Escape Housework

Originally published in Idler 59.

If, like me, you’re not overly fond of lifting fingers and – even worse – wrapping them around the handle of a mop, you’ll have considered hiring a cleaner. I’ve never made good on this idea but it crosses my mind whenever I have have to clean the toilet (yes, every single year). Goodness knows I’ve tried to find pleasure in vanquishing the residual cack from beneath the rim, but it’s just not something I’m into.

I’ve long suspected, however, that hiring a cleaner is one of those throw-some-money-at-it solutions that’s more trouble than it’s worth and best avoided by the truly idle. Not only would you have to pay this person with money just as easily spent on beer, but you’d have to organise their tasks in some way, check that they’ve been completed satisfactorily and, of course, remember when the cleaner is due to come over. Anticipating that visit would be a source of constant anxiety to me: the bandwidth of remembering the appointment would either take over my life or I’d simply forget. Routinely, I fear, our cleaner would walk in on a horizontal Wringham, collapsed on the chaise in nothing but a fez, dozing stomach littered with pistachio shells.

Aside from these practical doubts, the moral idler wants to reduce the amount of grunt work in the world and hiring a cleaner is the antithesis of this.
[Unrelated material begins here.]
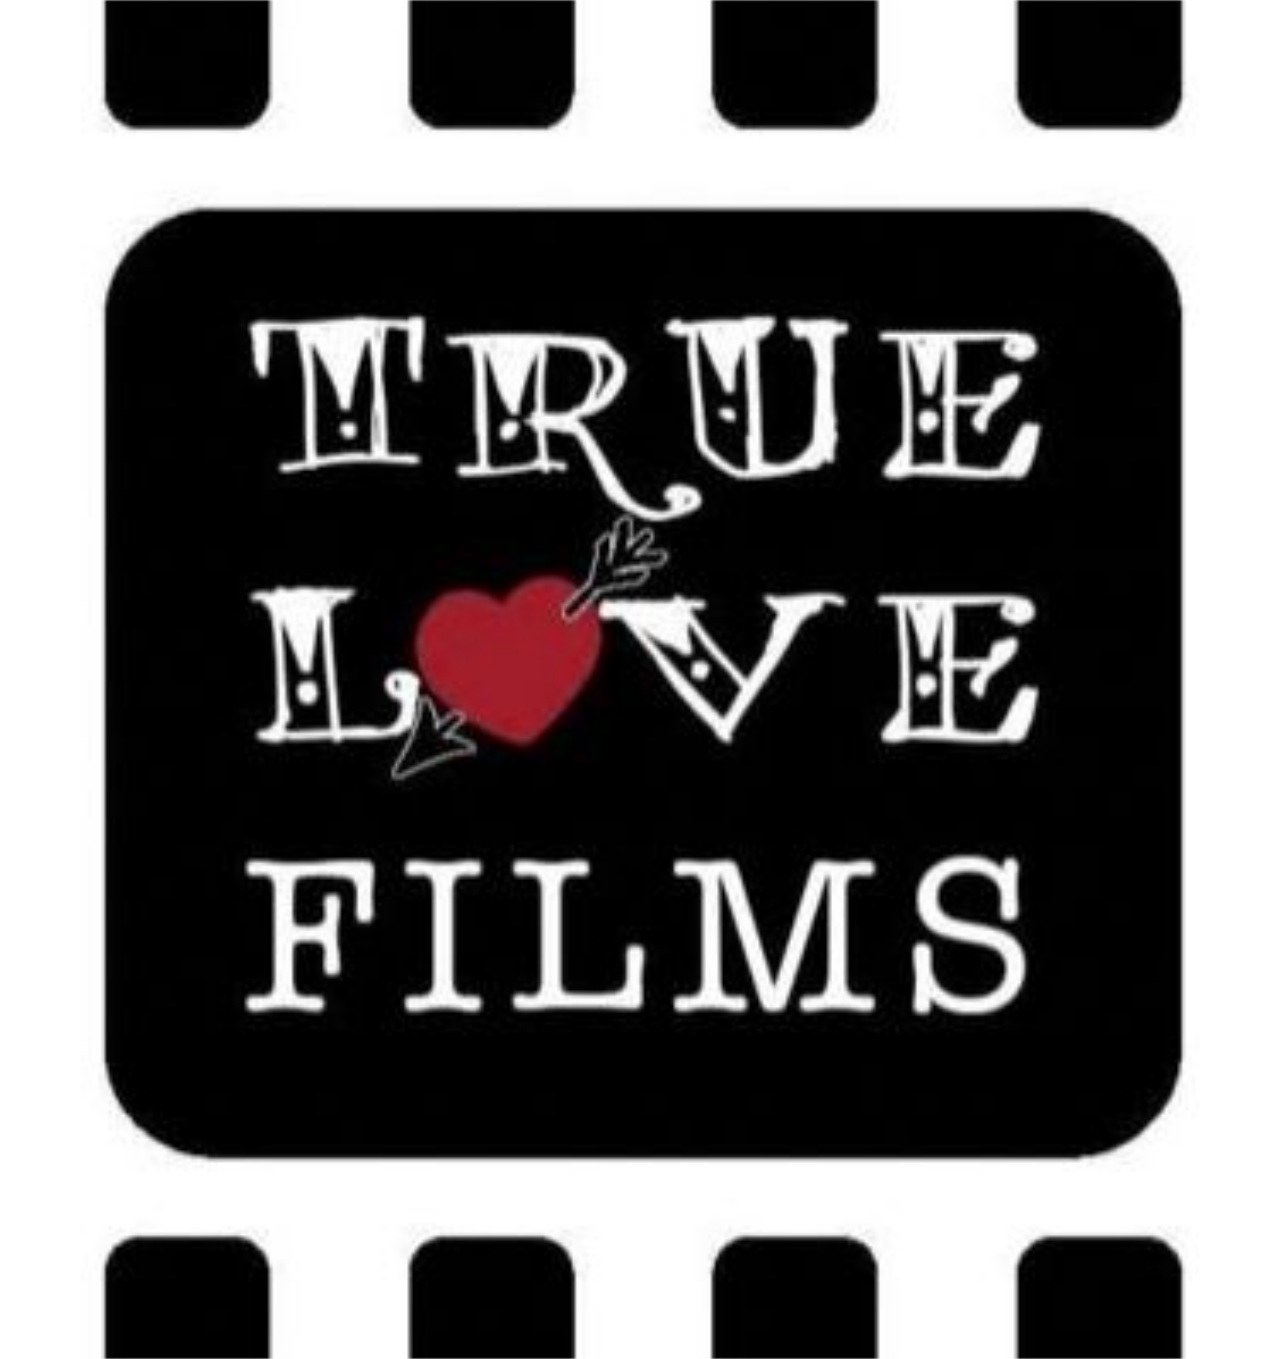 True Love Films's web page

If you want to escape undignified toil, you probably shouldn’t generate it for others. Imagine the shame of your cleaner grassing you up in a future volume of Crap Jobs!

No, the net dignity and idle benefits of doing your own housework are perhaps greater than paying someone else to do it. Besides, how hard can it possibly be? I think I might have cracked it, so here are my solutions to escaping the ardours of house work without appointing a scrubber.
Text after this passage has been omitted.